_EXERCISE REQUIREMENTS_
Using the entries that follow, transcribe only the lines from the line with "Fight screenshot of" to the line with "Alternate Image 3", both included, exactly as they stand and without pictures.

_THE DATA_
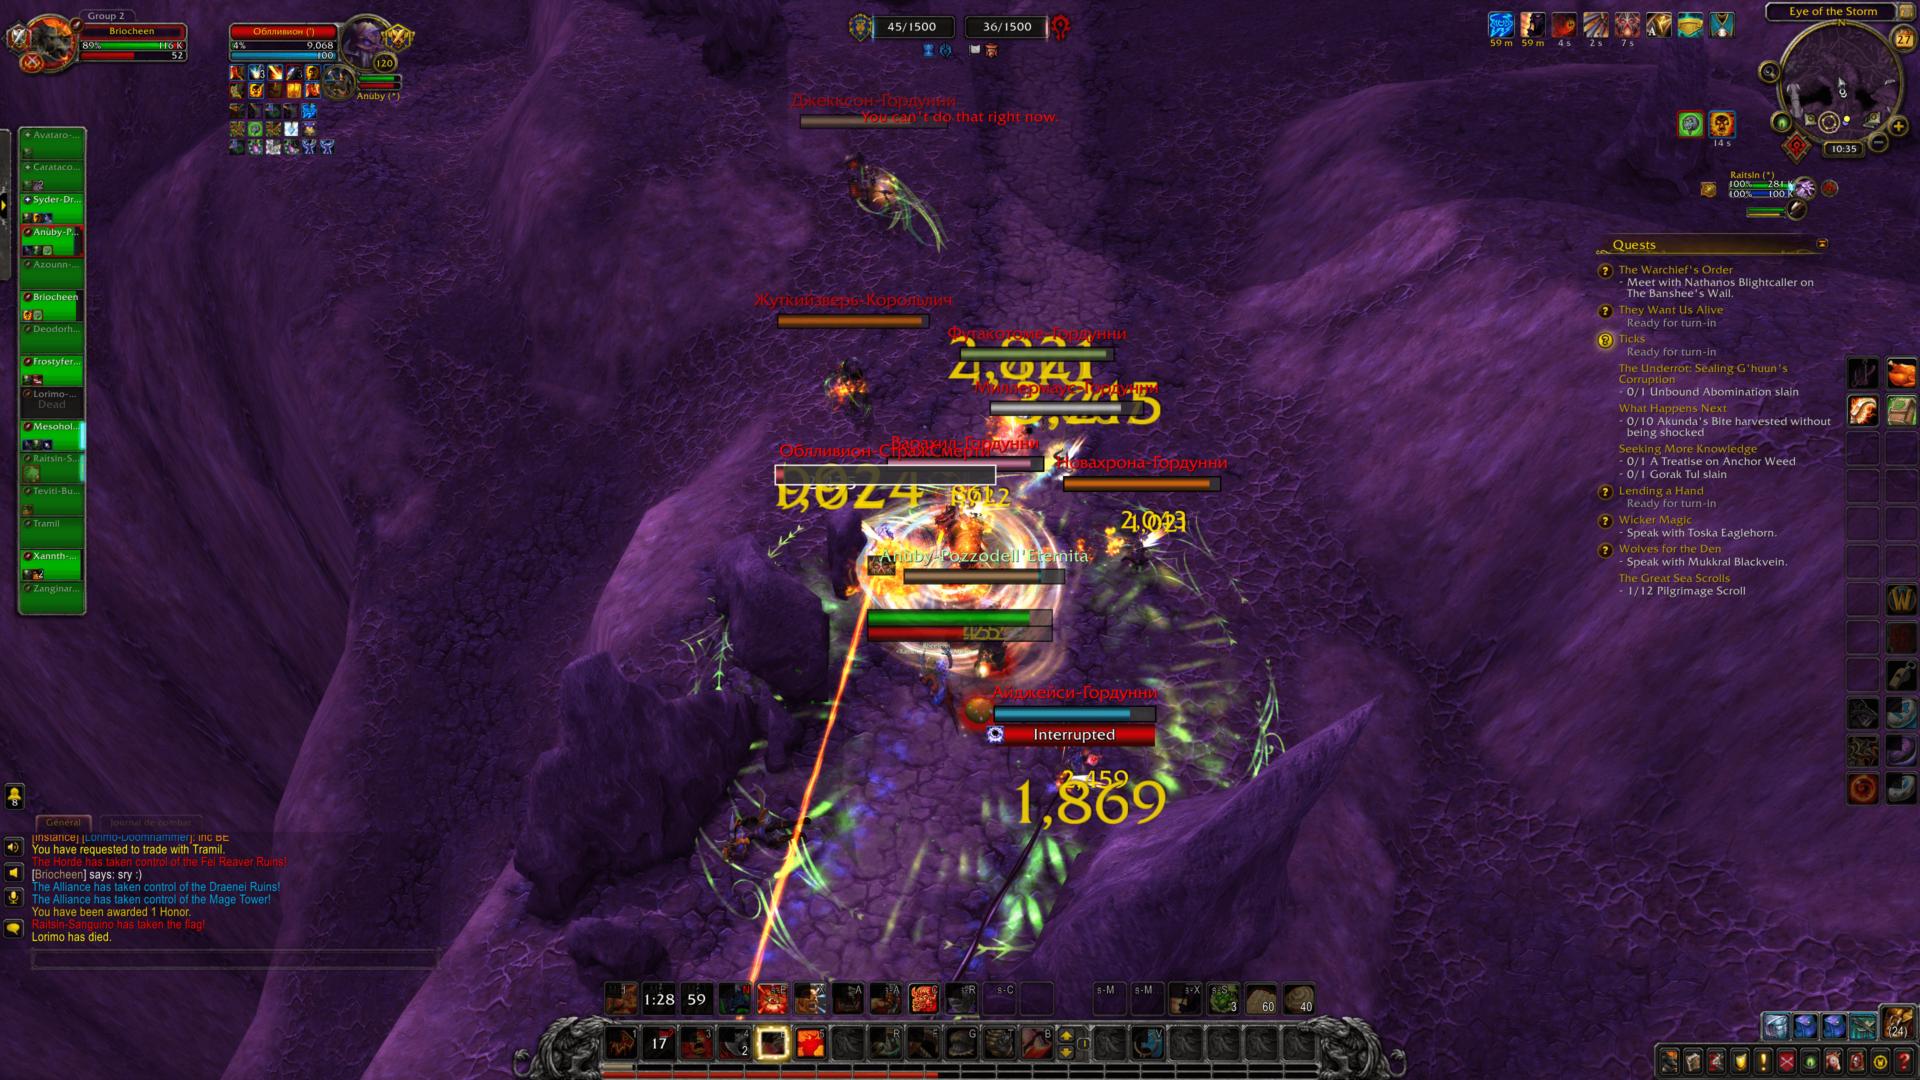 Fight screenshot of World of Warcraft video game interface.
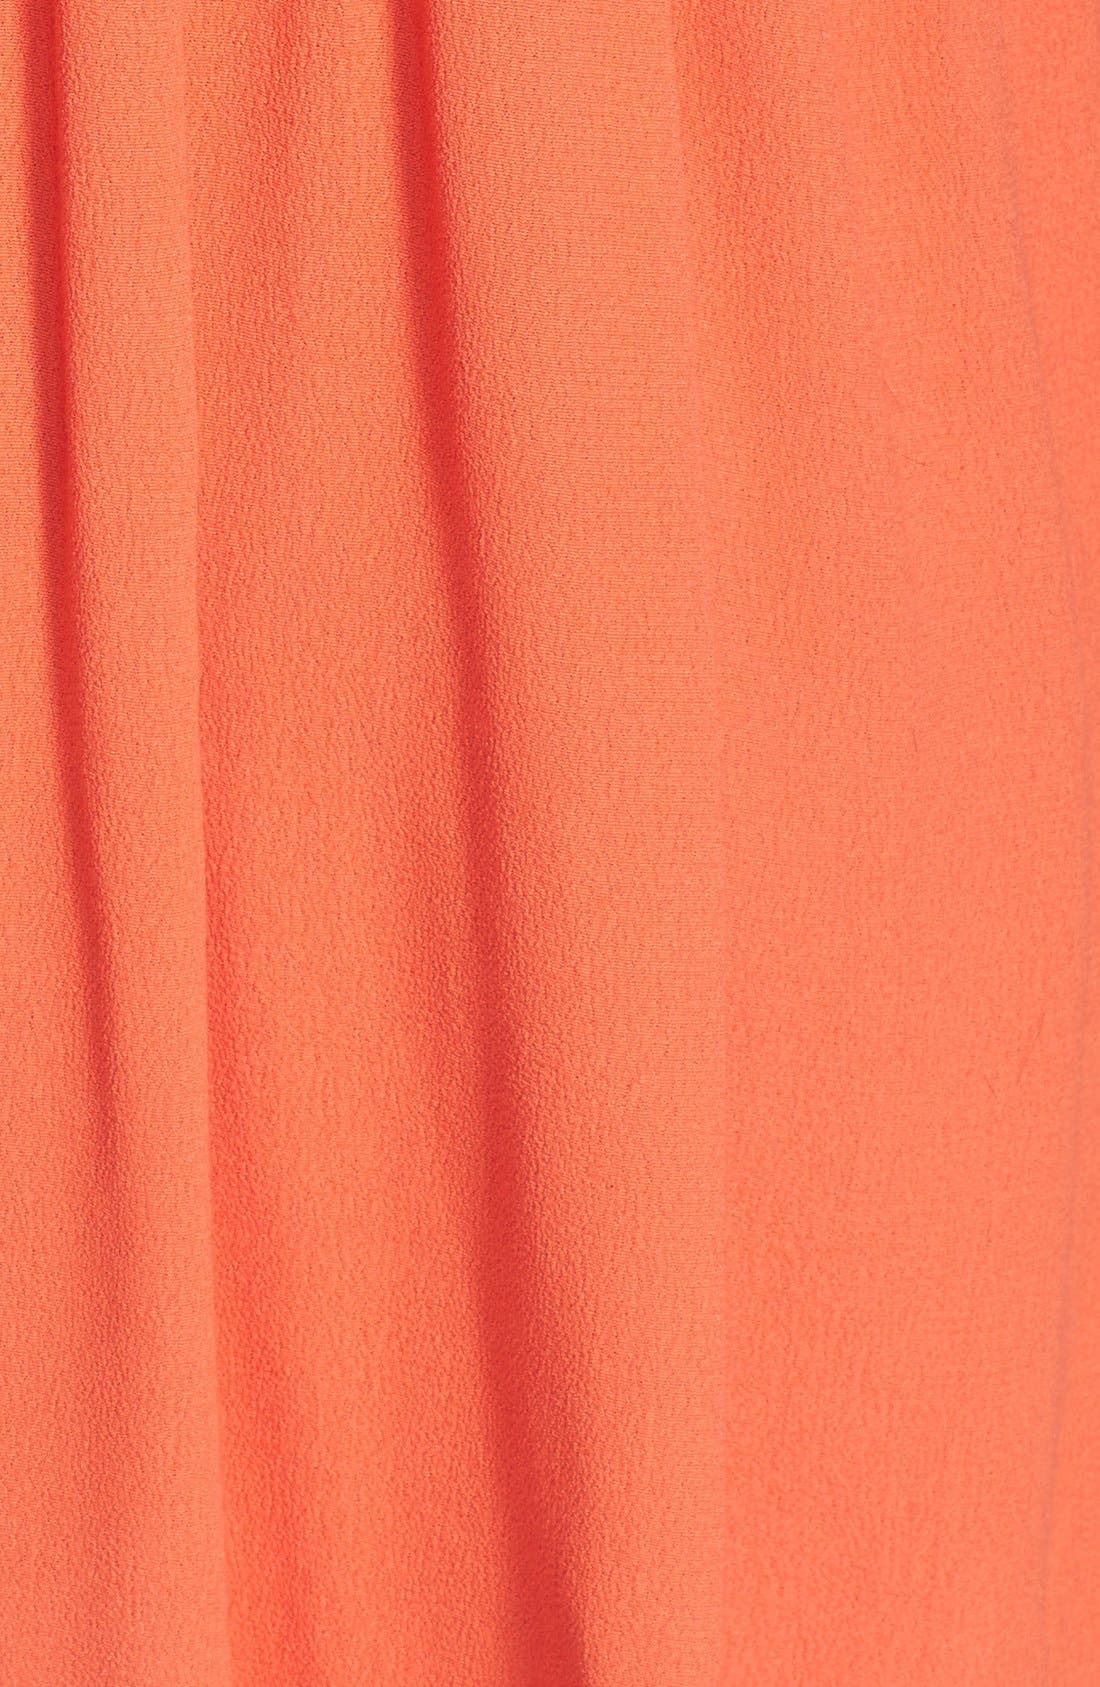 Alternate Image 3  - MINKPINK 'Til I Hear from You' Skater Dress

---

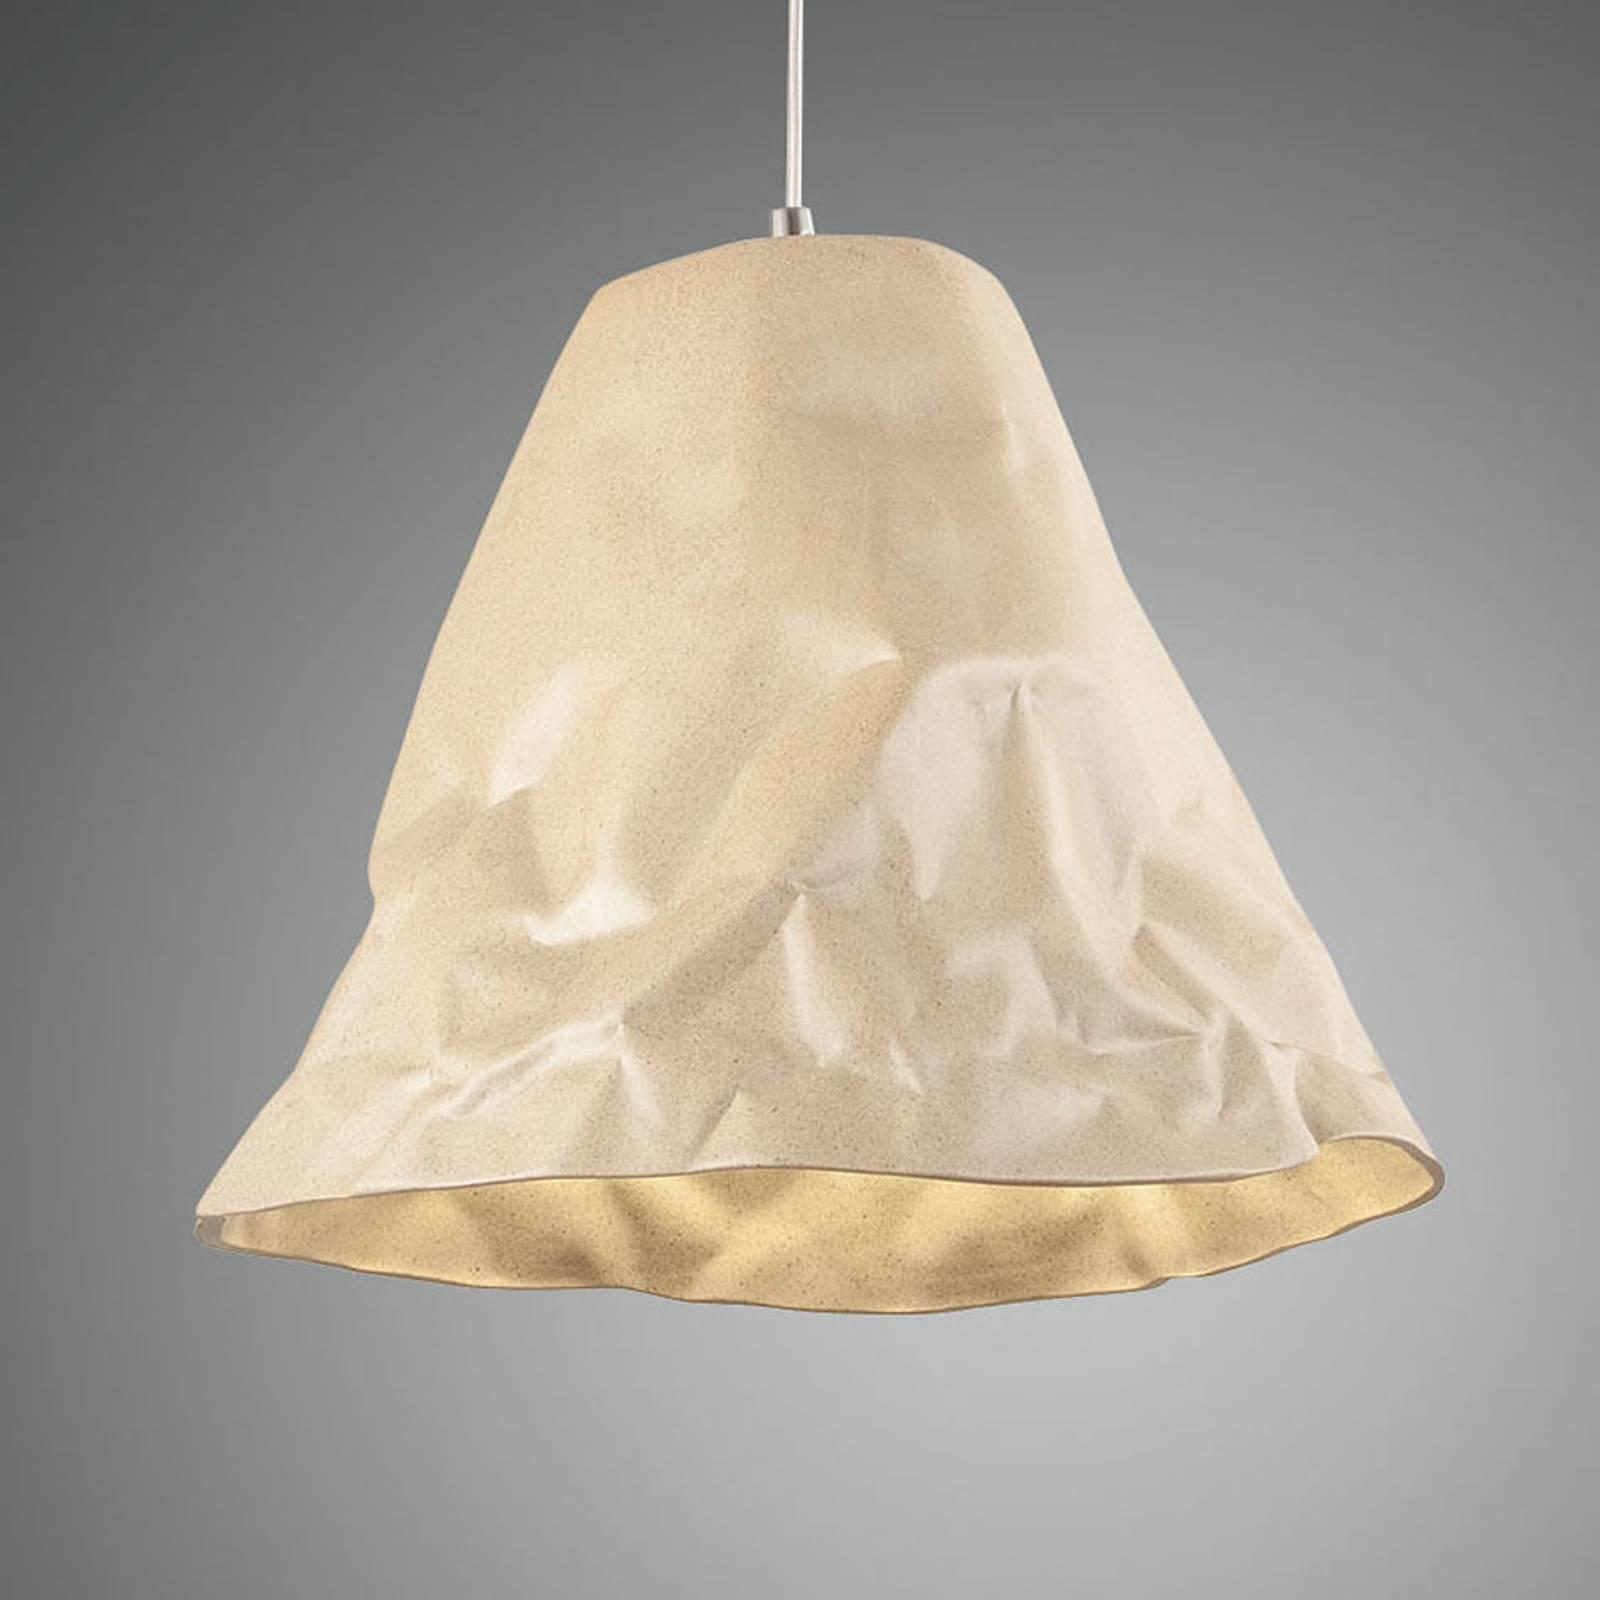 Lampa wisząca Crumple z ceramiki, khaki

_EXERCISE ANSWER_
 Fight screenshot of World of Warcraft video game interface.
 Alternate Image 3  - MINKPINK 'Til I Hear from You' Skater Dress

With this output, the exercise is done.